Nach seiner Rückkehr nach einem Vaterschaftsurlaub ist Gonzalo Montoya, Vox-Stadtrat in Orihuela, offiziell von seiner Position als Leiter der Kulturabteilung zurückgetreten.
Bürgermeister Pepe Vegara genehmigte die Entscheidung am Mittwoch per Dekret und übergab das Ressort an seine Vox-Ratskollegin Anabel García, die die Rolle während Montoyas Abwesenheit vorübergehend übernommen hatte.
Montoya wird weiterhin für den Bereich Tourismus zuständig sein, der kurzzeitig von Vox-Stadtrat Manuel Mestre an der Spitze der Costa-Partei stand, der nun erweiterte Zuständigkeiten beantragt hat.
Montoyas Rücktritt vom Kulturamt folgt auf eine Reihe von Kontroversen seit seinem Amtsantritt nach den Kommunalwahlen 2023. Vor allem sorgte er für heftige Kritik, weil er Bilder mit republikanischer Symbolik vom Rincón Hernandiano entfernte, darunter Hommagen an den Dichter Miguel Hernández.
Die Aktion löste in der Opposition Unterstützung für ihre Wiedereinsetzung aus; lediglich Vox stimmte dagegen und die PP enthielt sich.
Der Vorfall folgte auf andere umstrittene Maßnahmen, wie beispielsweise die Streichung der Mittel für die Miguel Hernández Kulturstiftung Ende 2023, eine Entscheidung, die später rückgängig gemacht wurde.

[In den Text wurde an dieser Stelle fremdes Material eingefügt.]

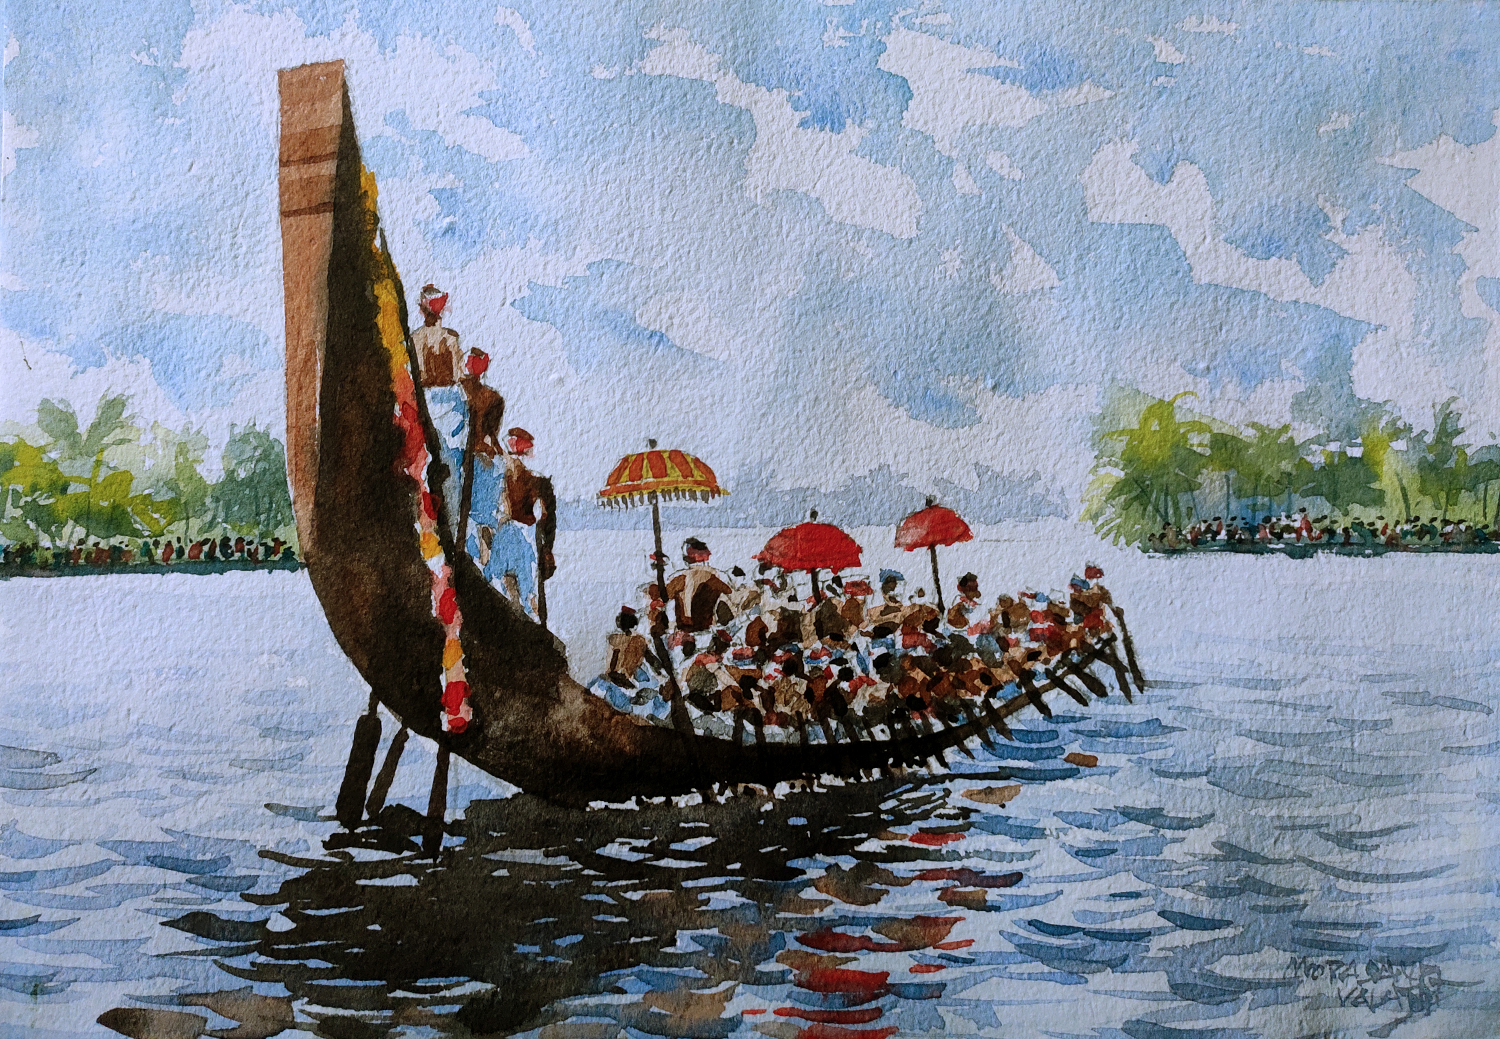 Watercolor painting on the sporty festival of Kerala, boat race.

Bürgermeister Vegara distanzierte sich von beiden Maßnahmen, was die internen Spannungen weiter verdeutlichte.
Auch in der Kulturabteilung kam es zu Turbulenzen, als der von Vox ernannte Geschäftsführer von Orihuela Cultural aufgrund von Vorwürfen der Misswirtschaft und des politischen Drucks zurücktrat.
Montoyas Rücktritt fällt mit wachsenden Spannungen innerhalb der Regierungskoalition zusammen, insbesondere über die harten Positionen von Vox. Zu den jüngsten Auseinandersetzungen zählen ein Vorschlag zur Ausweisung illegaler Migranten, der Widerstand gegen Anträge zur Gleichstellung der Geschlechter und eine umstrittene Abstimmung, bei der PSOE und Vox gemeinsam die Kirchenzuschüsse erhöhten – während sich die PP enthielt, was Kritik von beiden Seiten hervorrief.
Montoya wird den bevorstehenden San Isidro Murals (9.–11. Mai) nicht beiwohnen und somit bei einem der wichtigsten kulturellen Ereignisse der Stadt fehlen.
Sein Rücktritt scheint die zunehmenden Spannungen zwischen Vox und ihren konservativen Koalitionspartnern zu unterstreichen.